Walk In The Twilight, by Vincent Van Gogh. I’ve never seen a Van Gogh original before, and I find his work compelling (I could look at Starry Night Over The Rhone all day), but I’d never seen this one before. It was one of the most interesting things I’ve seen for a long time. Van Gogh is rightly recognised as a wonderful artist, and his works sell for tens of millions for a reason. I also gazed at one of Monet’s works, Japanese Bridge And Water Lilies, for what seemed like seconds but was probably closer to five or ten minutes. But looking at other paintings in the gallery – works by renowned artists like Manet and Matisse – I found they left me slightly cold. I just couldn’t summon up much interest in portraits of the aristocracy. The detail work on Renoir’s backgrounds or clothing are fantastic, but the faces of his subjects just don’t excite me.

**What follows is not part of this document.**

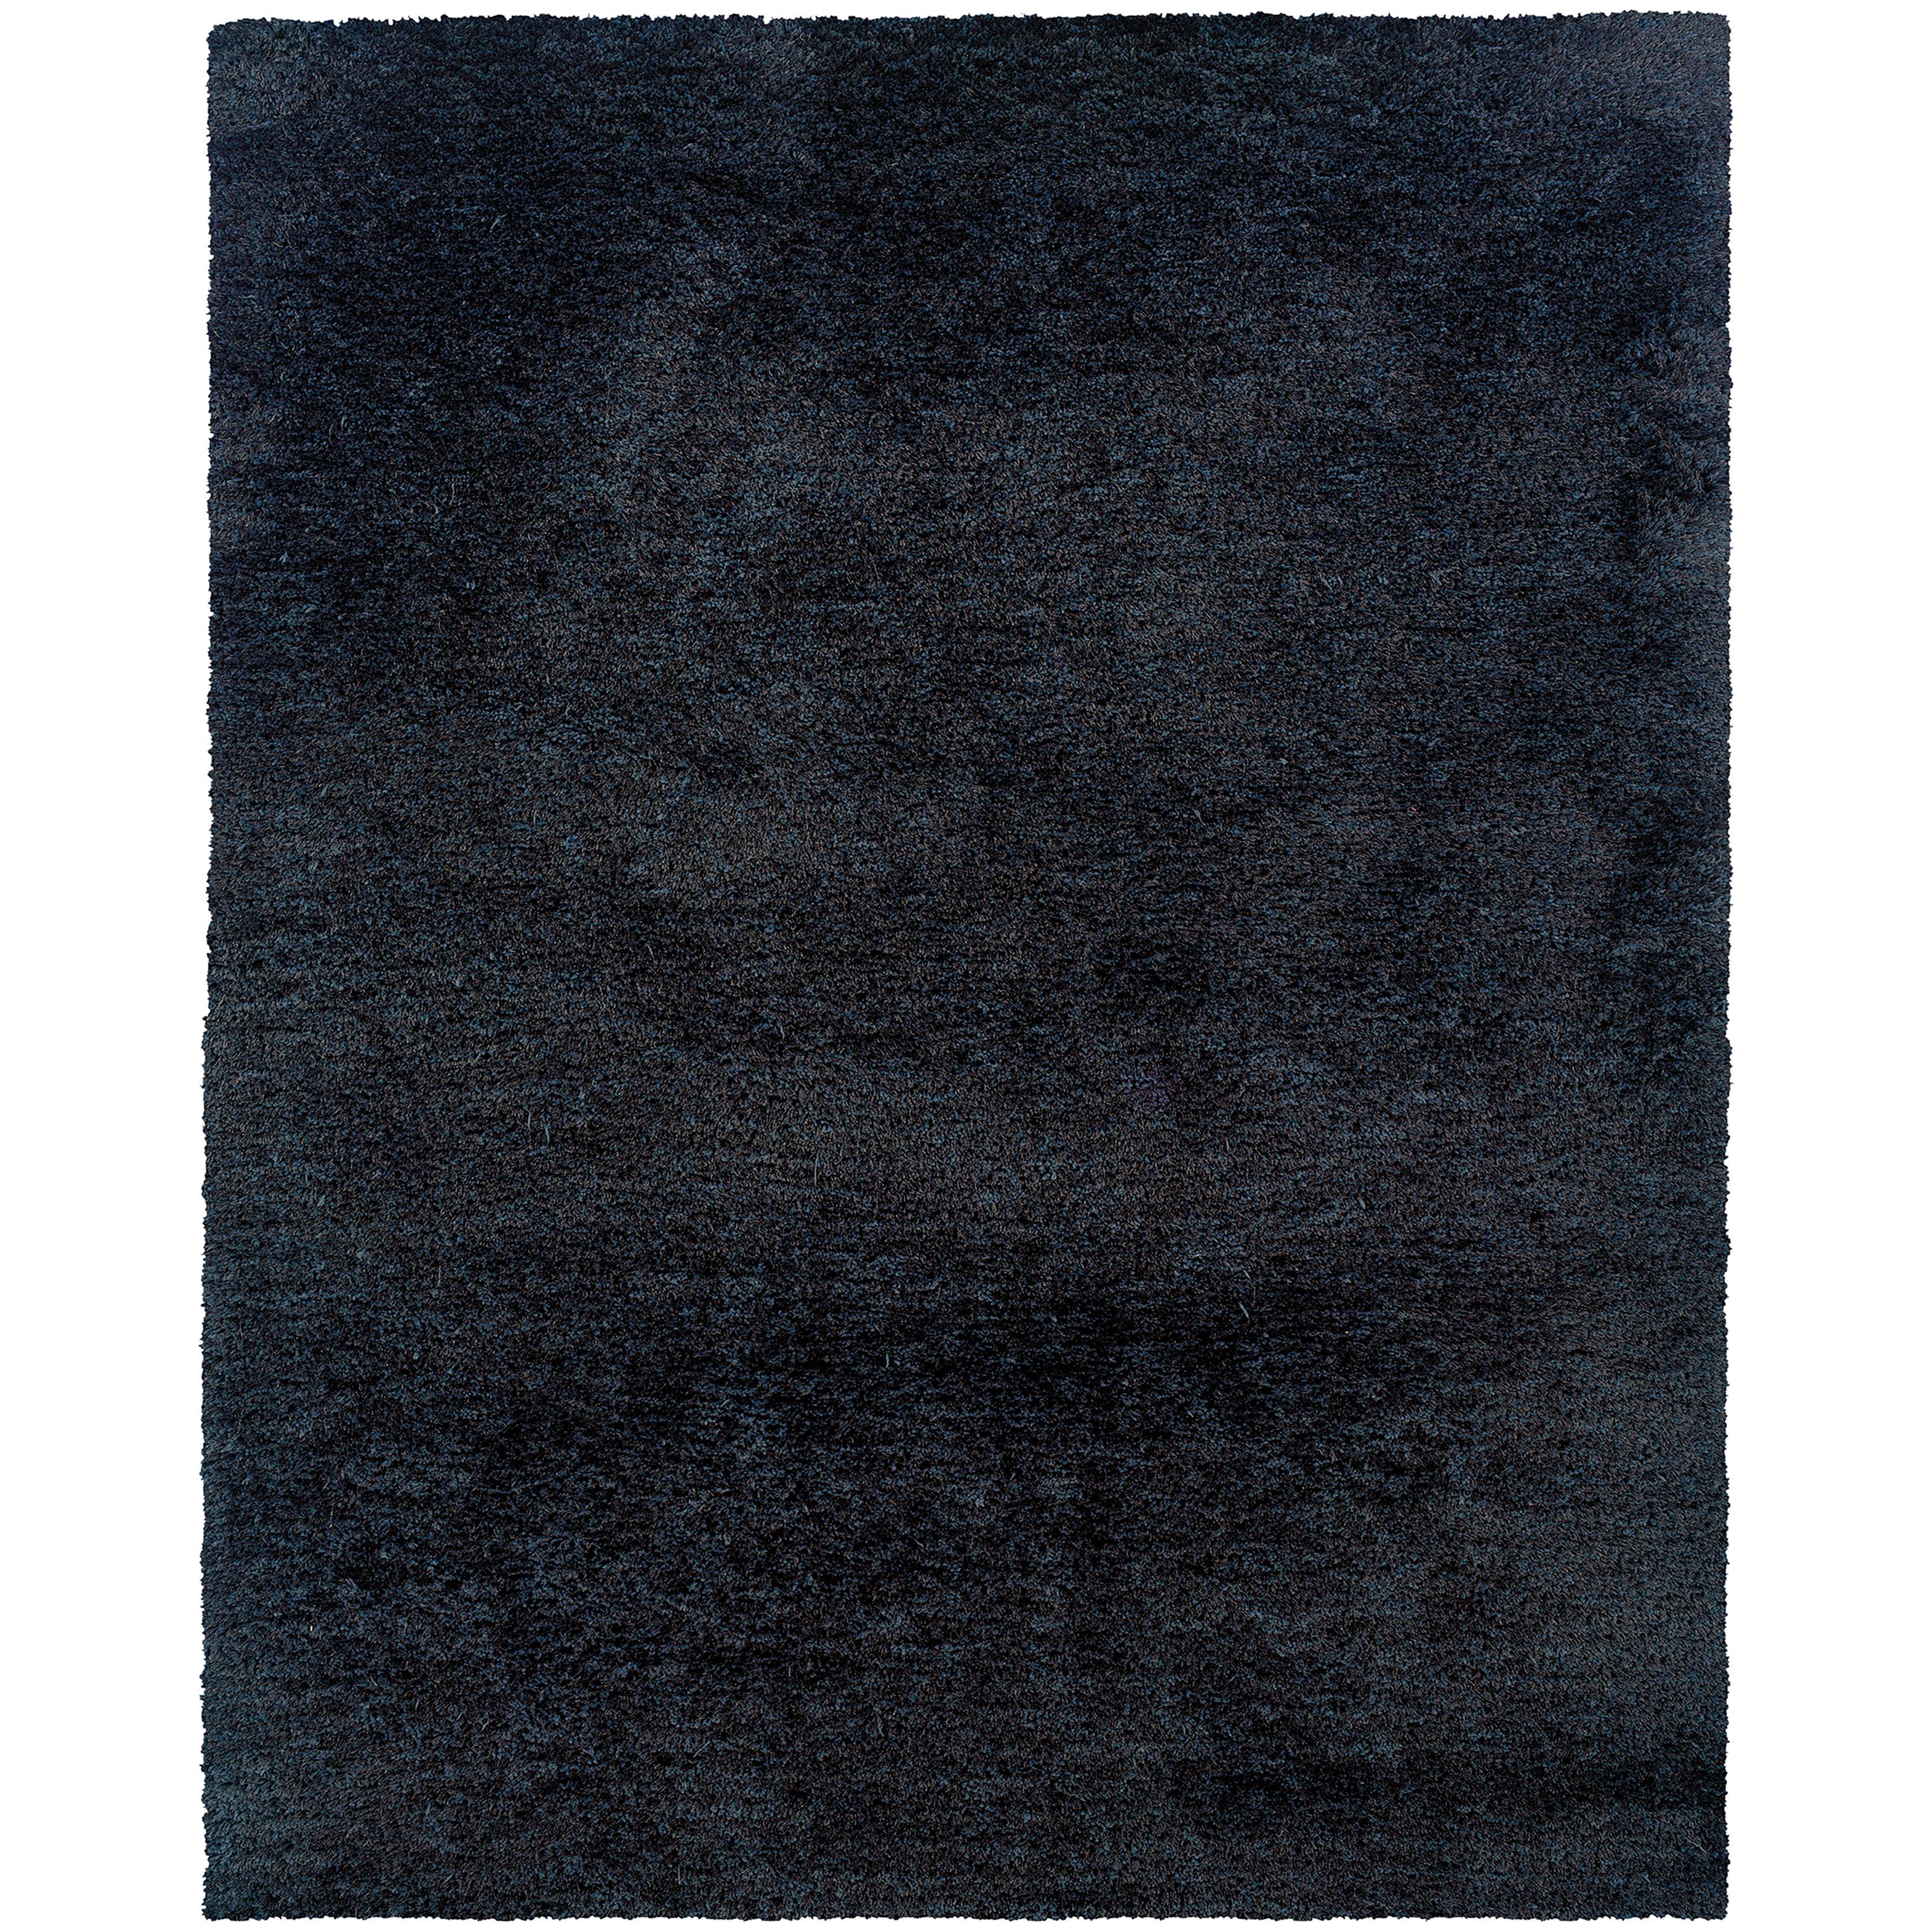 "Oriental Weavers Cosmo 6' 6"" X  9' 6"" Rug - Item Number: C81102198289ST"
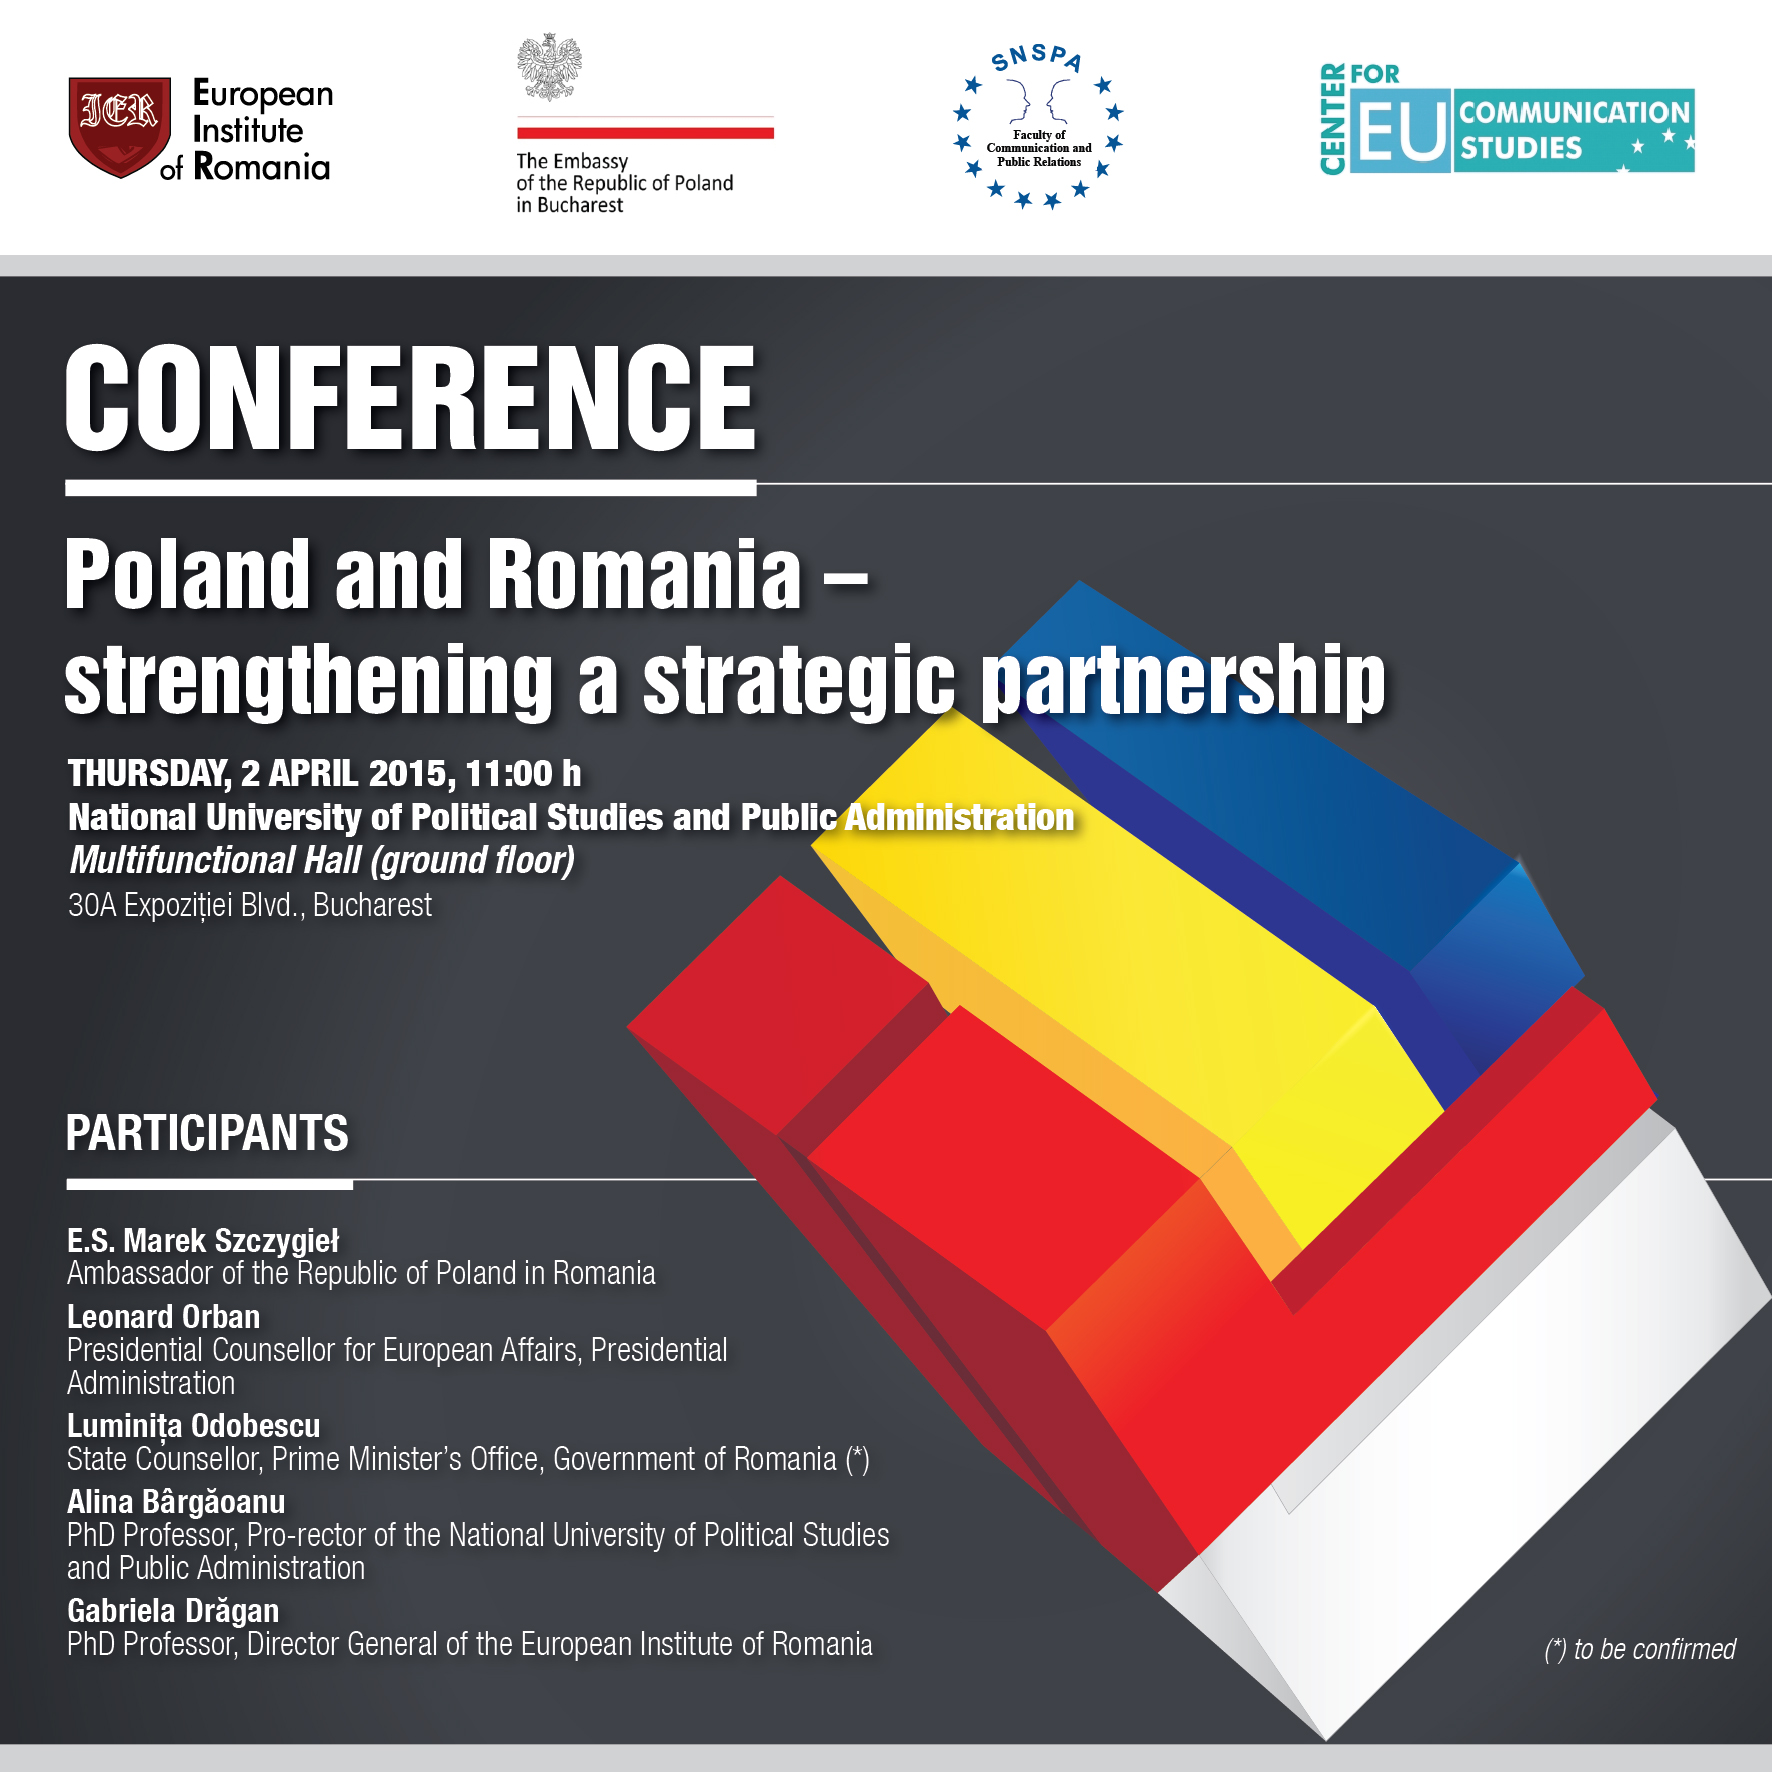 Poland and Romania - strengthening a strategic partnership

Now, there are plenty of art critics who would tell me my taste is appalling and that I am decidedly wrong in my opinion here, but that’s my point. I don’t know anything about art. I just know what I like. And whilst some of what I like is hanging in the National Gallery, or MOMA, or the Museé d’Orsay, that’s not everything I like. It turns out, I like walking around São Paulo and seeing the graffiti. I like bright colours and interesting ideas and social commentary. I like
I suppose what it really comes down to in the end is that all artists believe in their work, and if achievement was measured by passion, there’s no question that all painters, sculptors, directors, photographers and even writers who have tried to make their work public would be hailed as part of a cadre of geniuses. The only question is if you have the talent to back it up. Is your work ever going to mean anything to anyone? I hope mine does one day.
There’s a great Banksy mural, depicting a street cleaner washing graffiti off a wall. The graffiti in question? The Lascaux cave paintings.